Красный властелин | страница 50
Ну что тут непонятного? Выходишь на цель, дёргаешь за маленький красный рычаг, разворачиваешься, дёргаешь за большой красный рычаг. А потом ждёшь, когда тебя сожгут патрульные драконы. Проще простого! Да и пусть сожгут. Что теперь, из-за такой малости не лететь?
Вот только бы поскорее закончились занятия в помещении. Надоело! В воздухе, когда не будет стоящего над душой сотника, вот тогда Михась себя покажет! Обещают дня через четыре… долго. А шесть планеров уже привезли! Ну что стоит командованию начать полёты прямо сейчас? Нет, чем выше звание, тем меньше в человеке человечности остаётся, однозначно.
Удивительно, но четыре дня промчались быстро. Обычно ждёшь-ждёшь чего-то, а оно всё никак не приходит, а тут… Утром подскочил по требовательному зову горна, после пробежки с трудом проснулся, посидел над раскрытой тетрадью, и вот уже обед, злонамеренно совмещённый с завтраком. А потом опять учёба, и до ужина рукой подать. После него ещё порция знаний, а там и долгожданный отбой. И ночных тревог совсем не стало. Это что, жизнь начала налаживаться?

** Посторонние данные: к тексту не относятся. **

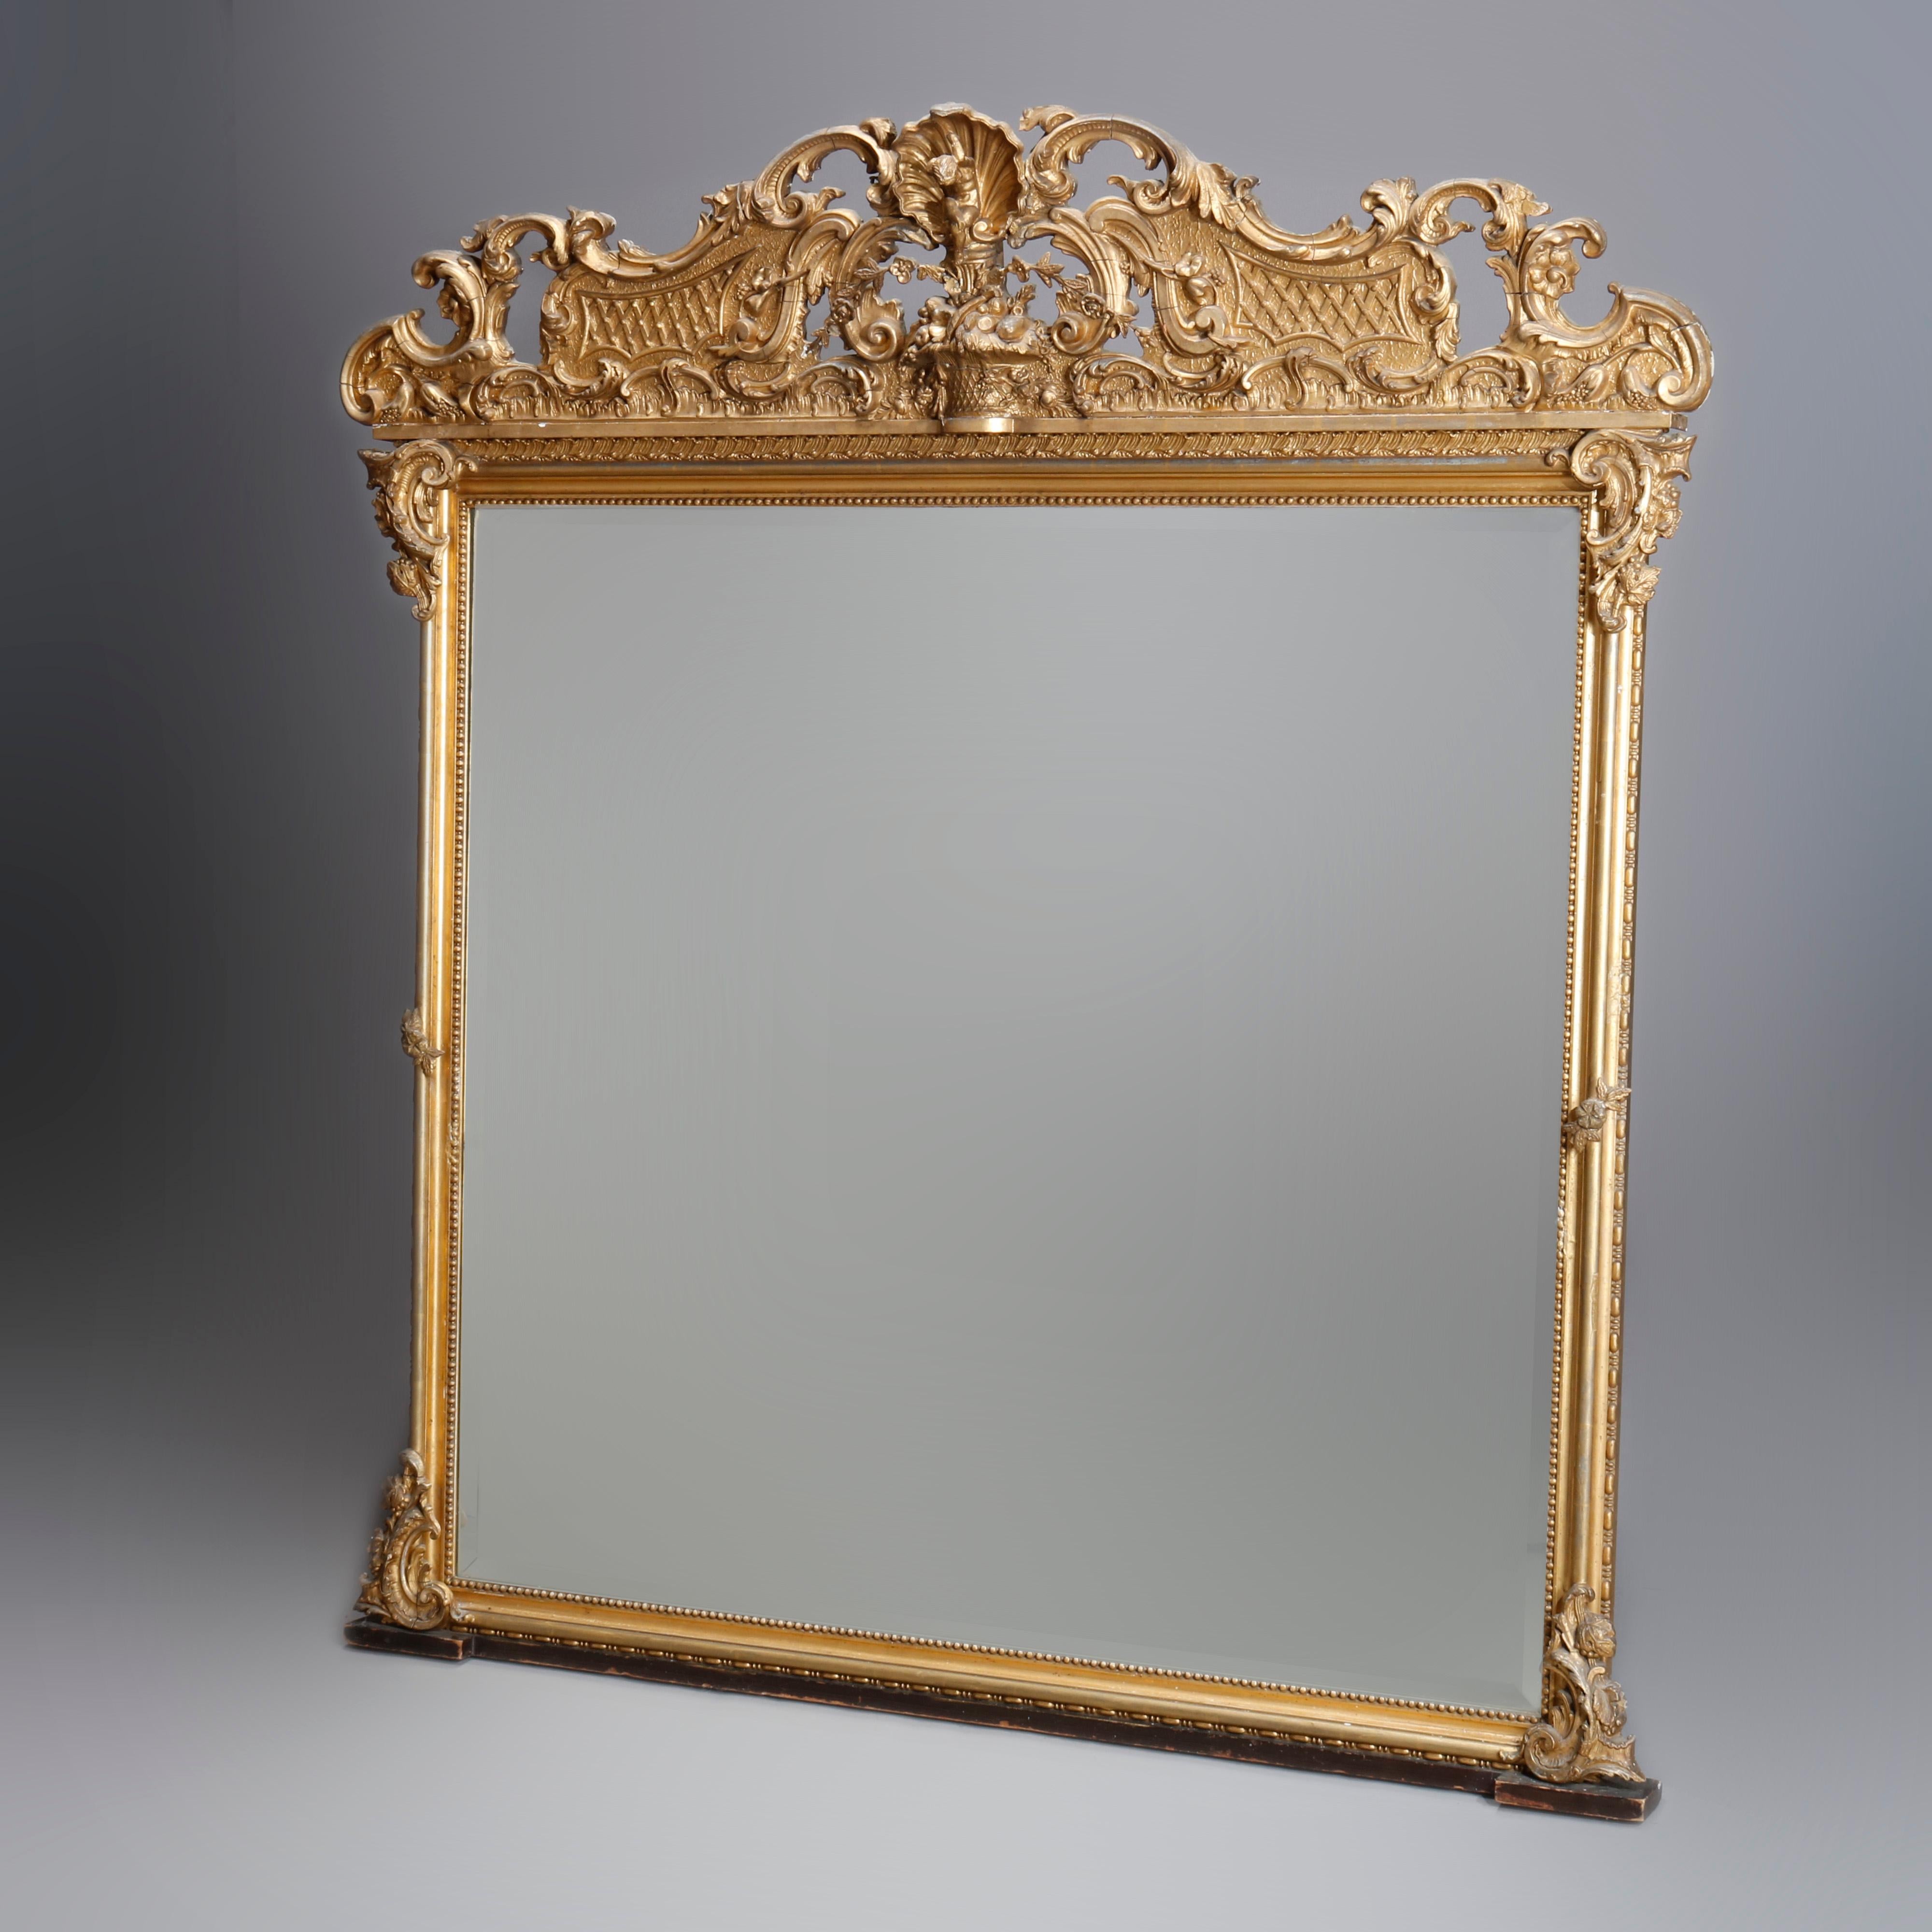 An antique French Louis XIV overmantel mirror offers gold giltwood construction with crest having central panier de fleurs, foliate and scroll elements, frame with beaded trim and scrolled foliate supports, housing beveled mirror, circa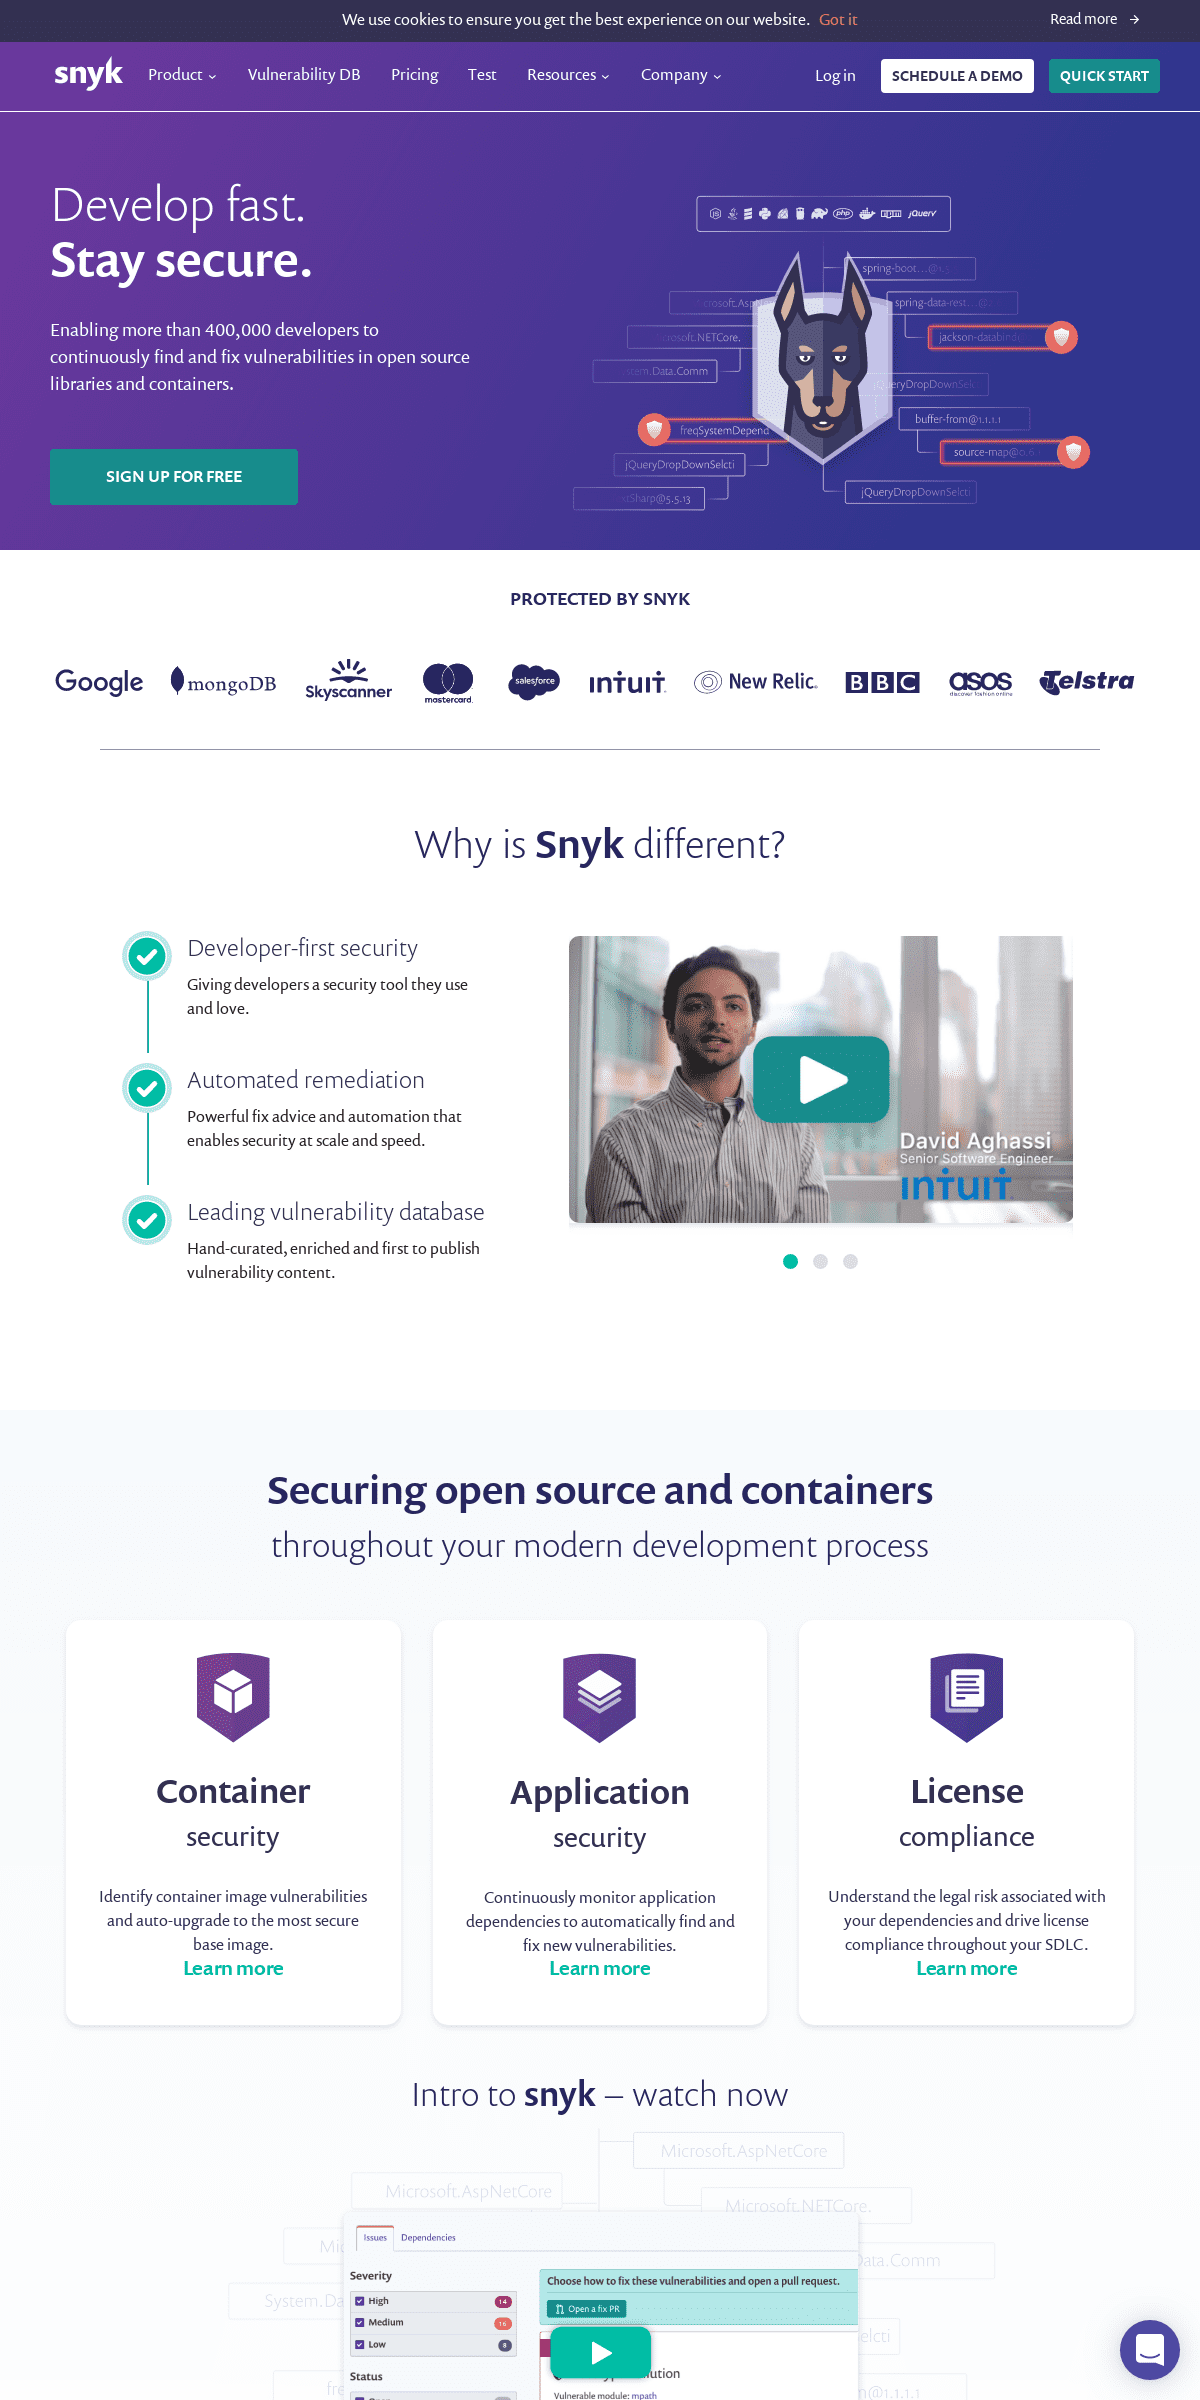 A complete backup of snyk.io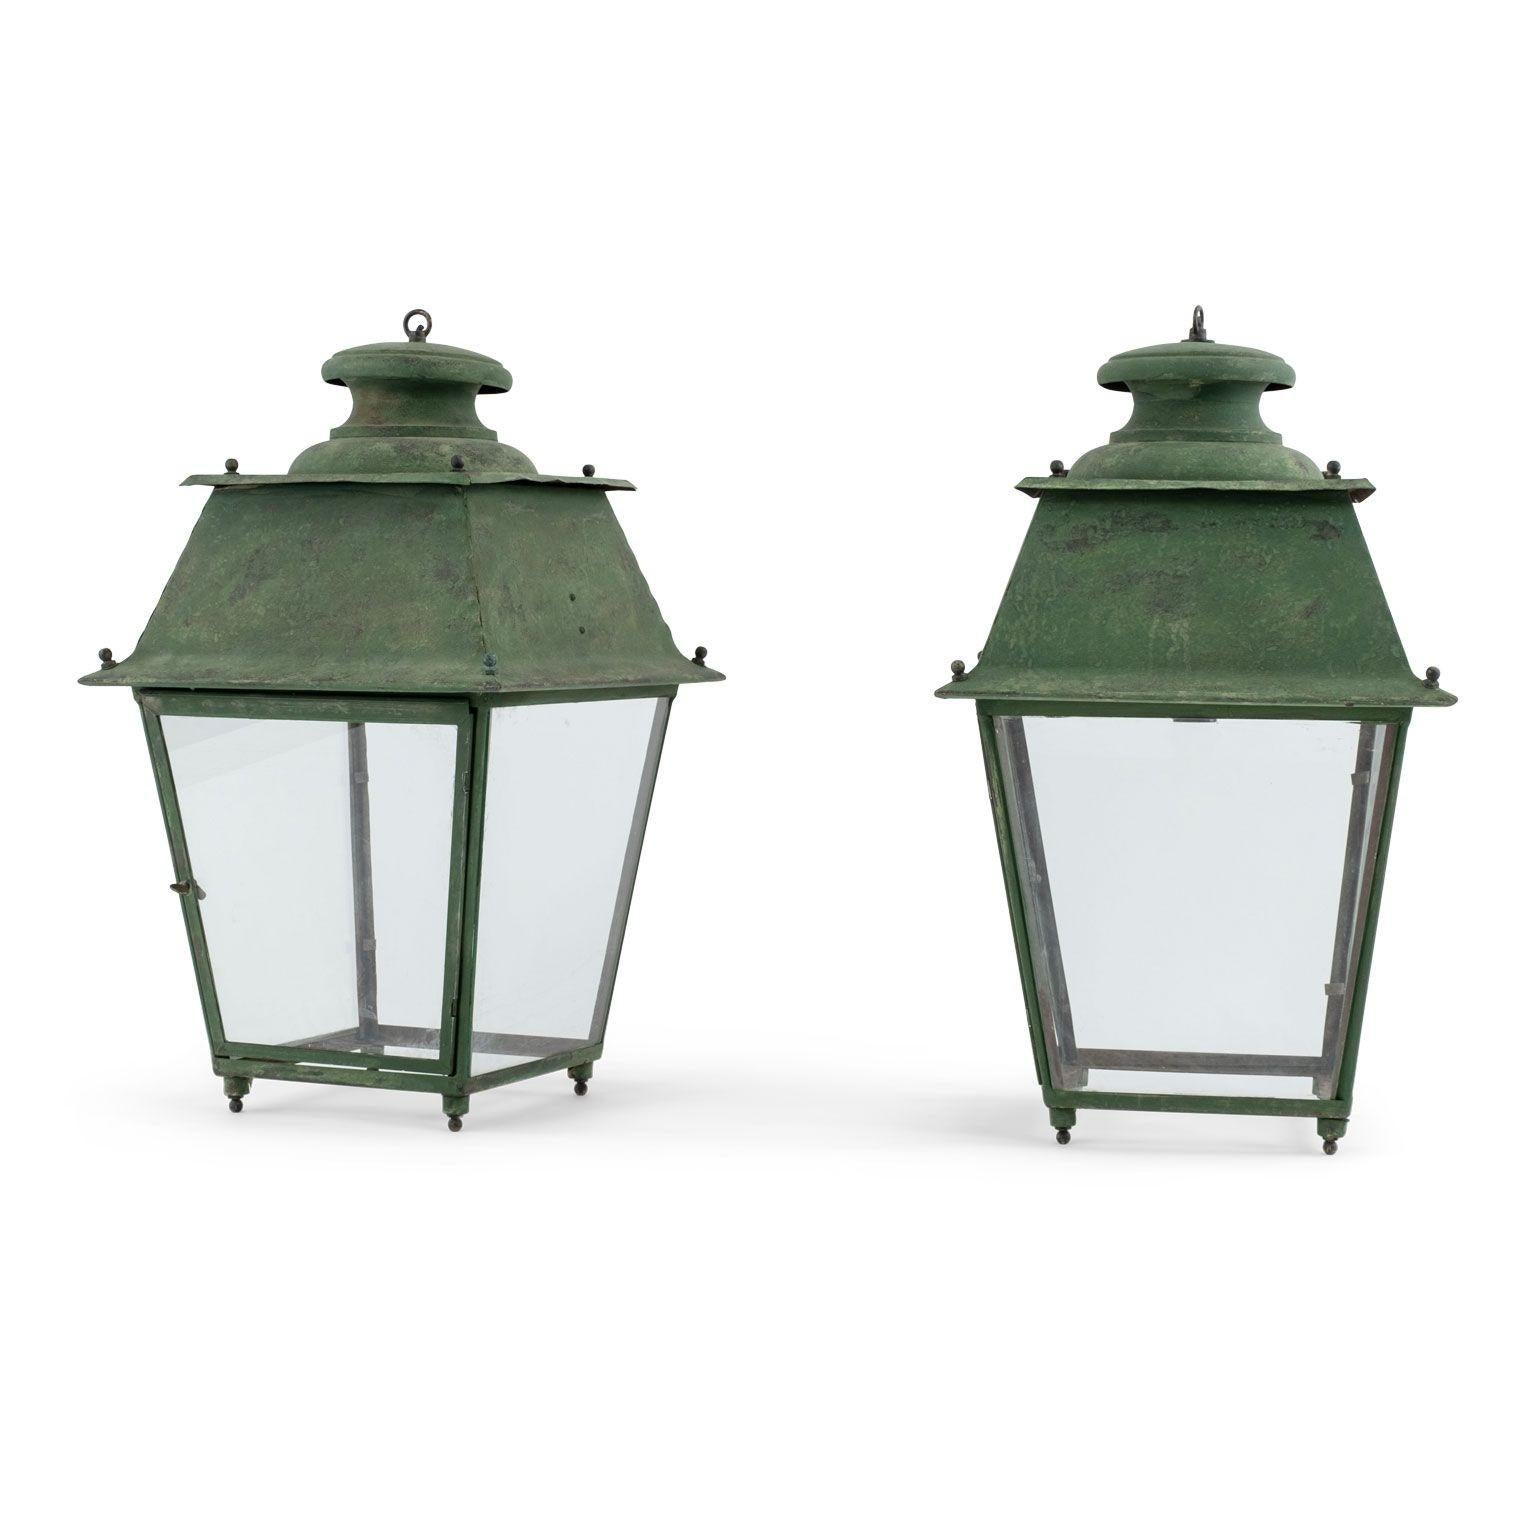 Pair of green-verdigris copper French lanterns, circa 1880-1919. Copper, tole and iron lantern with four glass paneled sides. Originally used as street or outdoor lanterns - now unwired. Can be wired, or fitted for use with gas, for additional cost.

В знаменательный день подъём протрубили намного позднее обычного, и слегка ошалевших от невиданной щедрости добровольцев строем повели в столовую. Жрать с утра? Немыслимое по нынешним временам, но очень приятное дело.
Едва расселись за столы, как всё тот же до тошноты надоевший сотник вышел в центр просторной залы и толкнул речь. Да, начальству без речей никуда…
— Товарищи курсанты! Да, не удивляйтесь, в приказе Владыки о переводе всех участников бомбардировки на вновь утверждённые нормы довольствия лётного состава вы названы именно так. Я не знаю, что это слово обозначает, но если хоть одна сволочь посмеет опозорить высокое звание… Да, высокое, товарищи! — тут преподаватель резко подобрел и добавил мягко и почти ласково: — Сегодня первые полёты. Не подведите, сынки…
Завтрак прошёл в сосредоточенном молчании. Говорить не хотелось, а вечный аппетит куда-то пропал. Когда просыпались, он был, причём зверский, но сейчас сбежал. Это аппетит боится первого подъёма в небо? Точно он, больше некому! Сидит где-то глубоко-глубоко, носа не показывает и дрожит так, что отдаётся в руках и коленях. Вот мерзавец!
Михась вяло ковырял ложкой в тарелке, куда подобревшие кашевары навалили целую гору безумно дразняще пахнущего мясного рагу, но через силу заставлял себя сначала жевать, а потом проглатывать. Еда — это сила, а сил сегодня потребуется много. Гораздо больше, чем на круги по периметру лагеря. Кстати, вчера их было уже четыре.